Survival of the fittest

Including those already cited, 58 companies joined Aim during the year to 31 October – via IPO, reverse takeover and readmission. Reflecting the diversity of companies floating on the exchange, billion-pound Alfa Financial Software (ALFA) listed in June, while ‘minnow’ fishing retailer Angling Direct (ANG) floated in July. And indicating that the more mundane concepts in life can prove the most interesting, Strix (KETL) – a manufacturer of kettle safety components – listed in June and is now an IC buy tip with attractive income potential.

There were also 83 cancellations, including 17 reverse takeovers and four transfers to the main market – representing the beginning of a new chapter. However, not all companies can endure public life. We questioned Stanley Gibbons’ (SGI) survival this time last year. The collectibles business remains listed, although its Guernsey subsidiary was recently granted an administration order. We think the group needs a willing buyer, or this could be its last mention in the IC Christmas issue.

Ongoing investment themes

We’ve explored only a few of the themes on Aim that will feed through to 2018. Ultimately, the market reflects real-life events. With new data privacy rules coming into effect next year, cyber-security exemplifies another trend among many worth monitoring. Meanwhile, an increasingly cashless world signals heightened demand for mobile payments businesses.

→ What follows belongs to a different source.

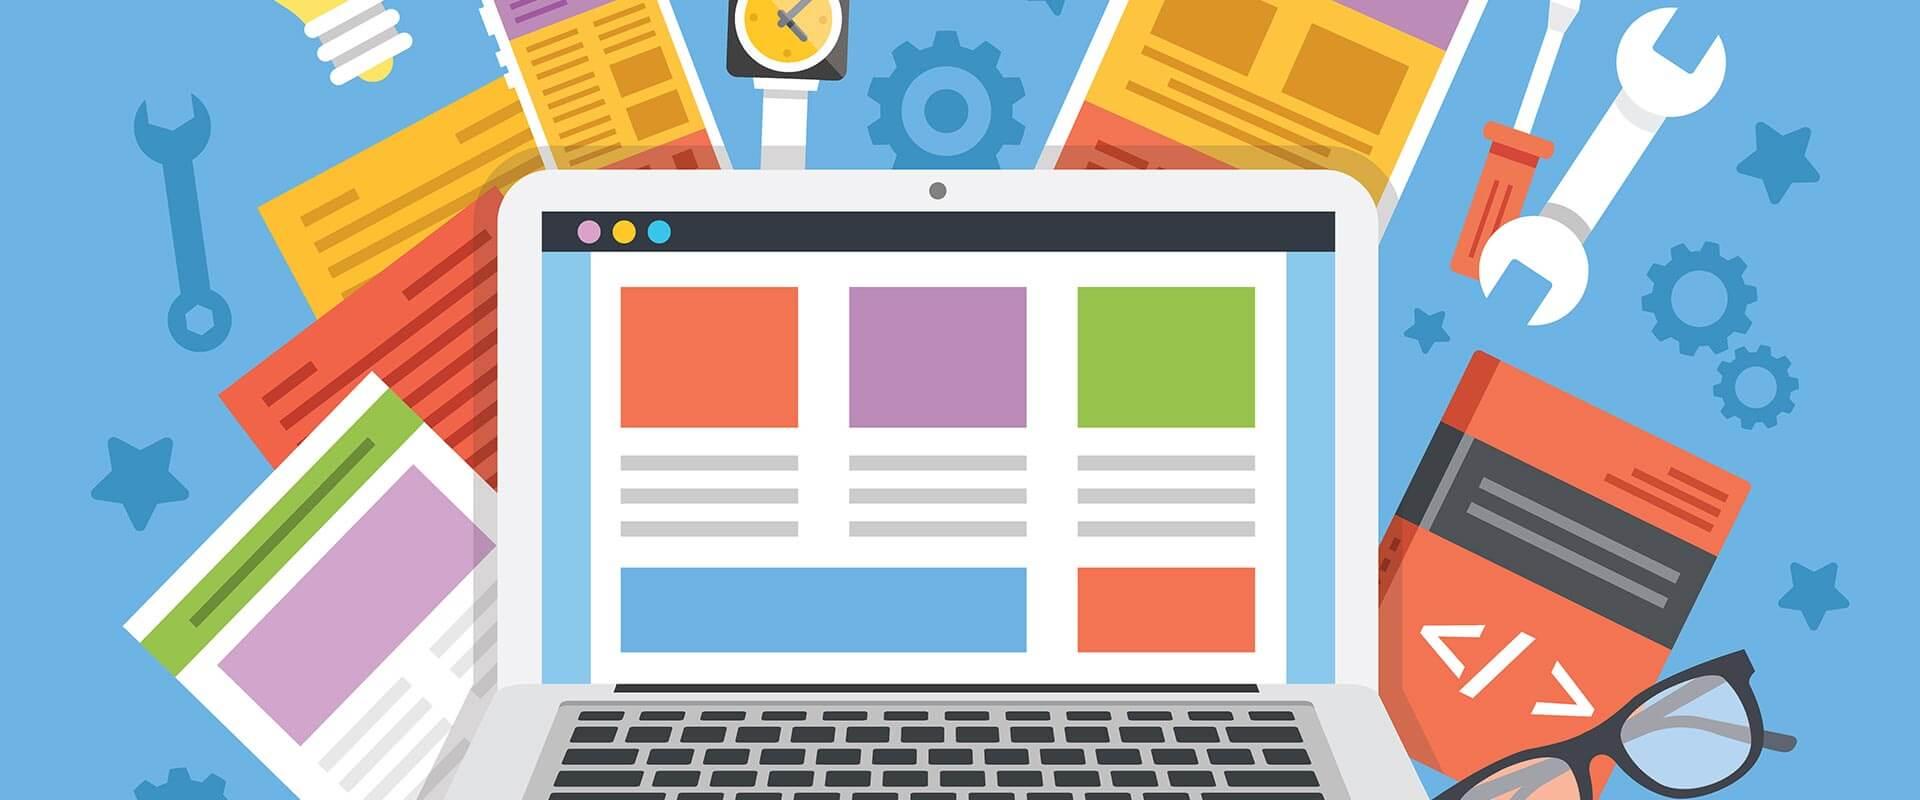 Symbolisches Eingangsbild für die Unterseite Webdesign, welche einen Laptop zeigt auf dem eine skizzierte Webseite zu sehen ist. Im Hintergrund befinden sich unterschiedliche Werkzeuge, ein Buch zu dem Thema Programmieren und viele Darstellungsoptionen einer Webseite.

‘Real life’ in the UK is, of course, also synonymous with pre-Brexit uncertainty. Applying further pressure to Aim, this year Nasdaq First North became the first exchange outside of the UK and Ireland to be given ‘growth market status’ by Britain’s HM Revenue & Customs. This could provide an alternative to shareholders, and businesses, looking outside of London. Like its constituents, Aim must fight to guarantee its future upside.